The WP architecture is a special cases of the general architecture,
with differing languages and protocols at the component interfaces.
Figure also illustrates the languages and
protocols employed in the WP. Unlike the RP version of the ADL,
the WP storage and catalog components are distributed.
The catalog component of ADL permits users to map their information
requirements into the most appropriate set of information in the
collections of ADL. While a traditional library cataloging system
(author-title-subject) provides a basic model for a DL's catalog
component, it is inadequate for geographically-referenced holdings
such as maps and images. Catalogs for geographically-referenced
information must additionally support access to holdings in terms
of their representations, their spatial "footprints,"
and their contents.
DL technology greatly increases our ability to extract, store,
and search new classes of metadata about library holdings. A major
thrust of ADL activity is thus to extend current models of catalogs
and metadata. Also, to support catalog interoperability, the ADL
is employing standards to represent and exchange catalog information.

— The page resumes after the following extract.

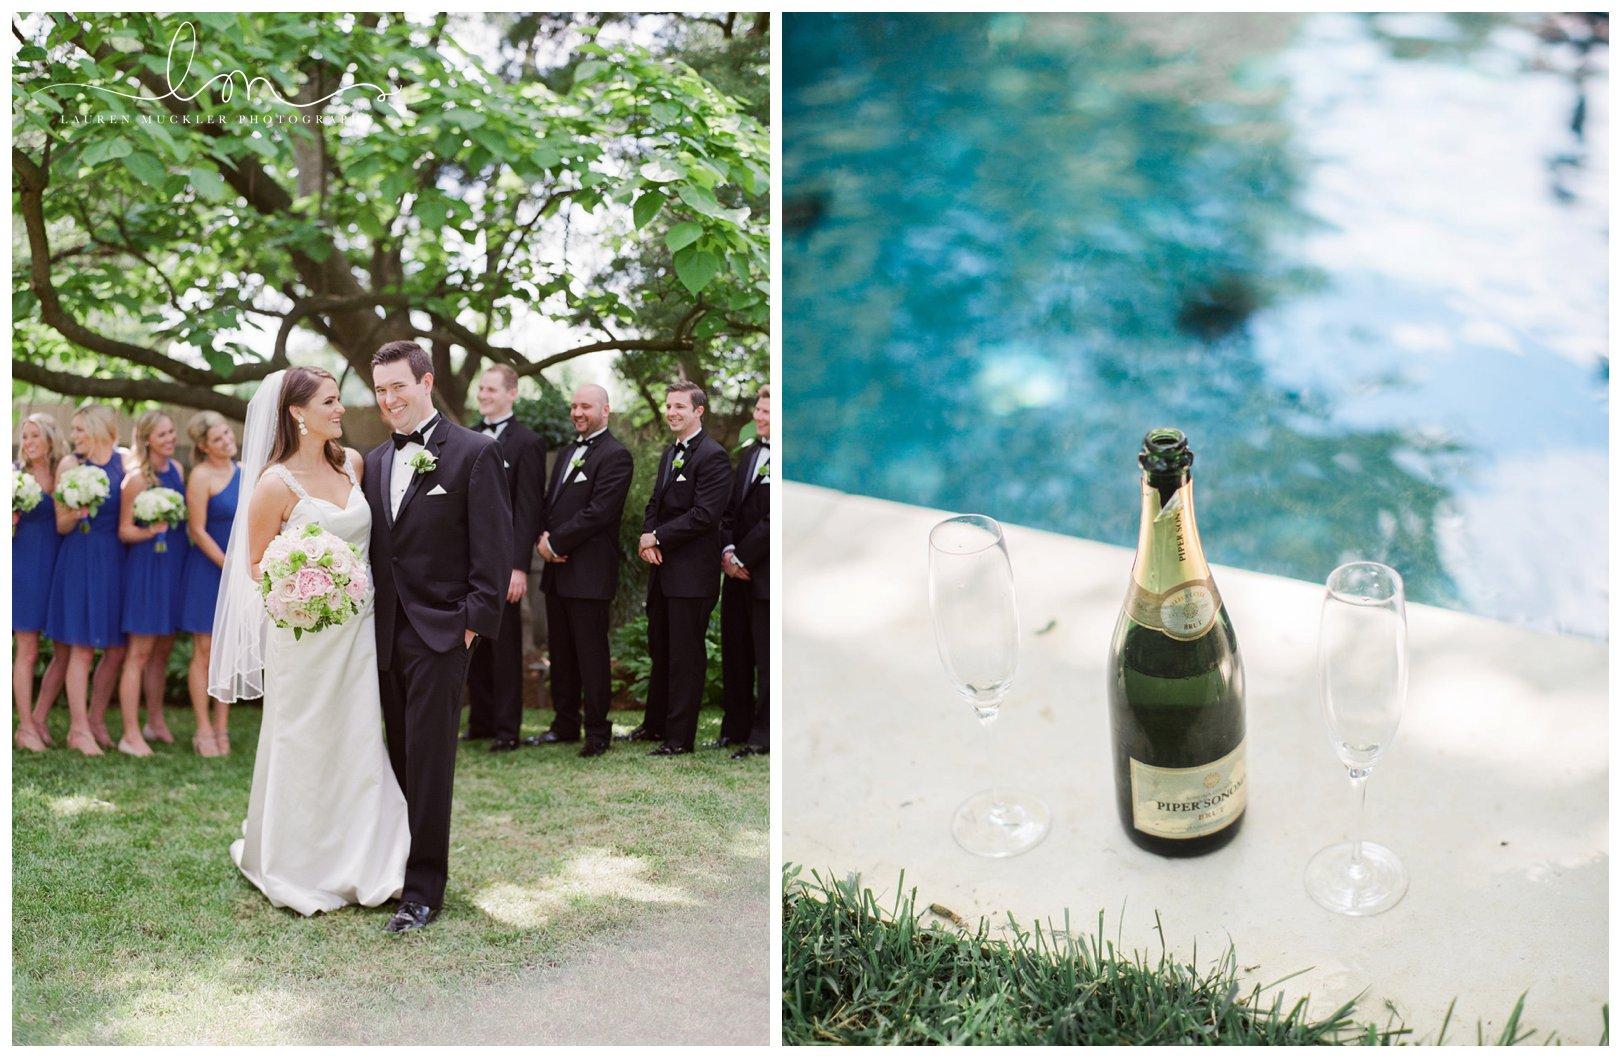 lauren muckler photography_fine art film wedding photography_st louis_photography_0225.jpg

To meet these criteria we developed a catalog schema for
the RP using elements from the USMARC and Federal Geographic Data
Committee (FGDC) metadata standards. We then expanded the schema
for the WP to include metadata supporting simple content-based
queries.
4.2.1 Basic Metadata: USMARC and FGDC Standards
The basic metadata for geographically-referenced information
in both the RP and WP systems combines elements from the USMARC,
and the Federal Geographic Data Committee (FGDC) metadata standards.
Since the late 1960s, USMARC has been a national standard
for database descriptions of library holdings. It includes fields
for cataloging analog geographic data, as well as open-ended "local-use"
fields that can be made to accommodate digital data. As of 1995,
the USMARC standard contains the full FGDC standard and, unlike
FGDC, includes thesauri (e.g. for subject headings).
USMARC stores all metadata for a given holding in a single record with four components: leader, record directory, control fields, and variable fields. This "flat" structure, while not optimal for a relational database, is useful for specifying metadata input/output functions and for exchanging metadata records between different DLs.
The FGDC promotes the coordinated development, use, sharing,
and dissemination of surveying, mapping, and related spatial data.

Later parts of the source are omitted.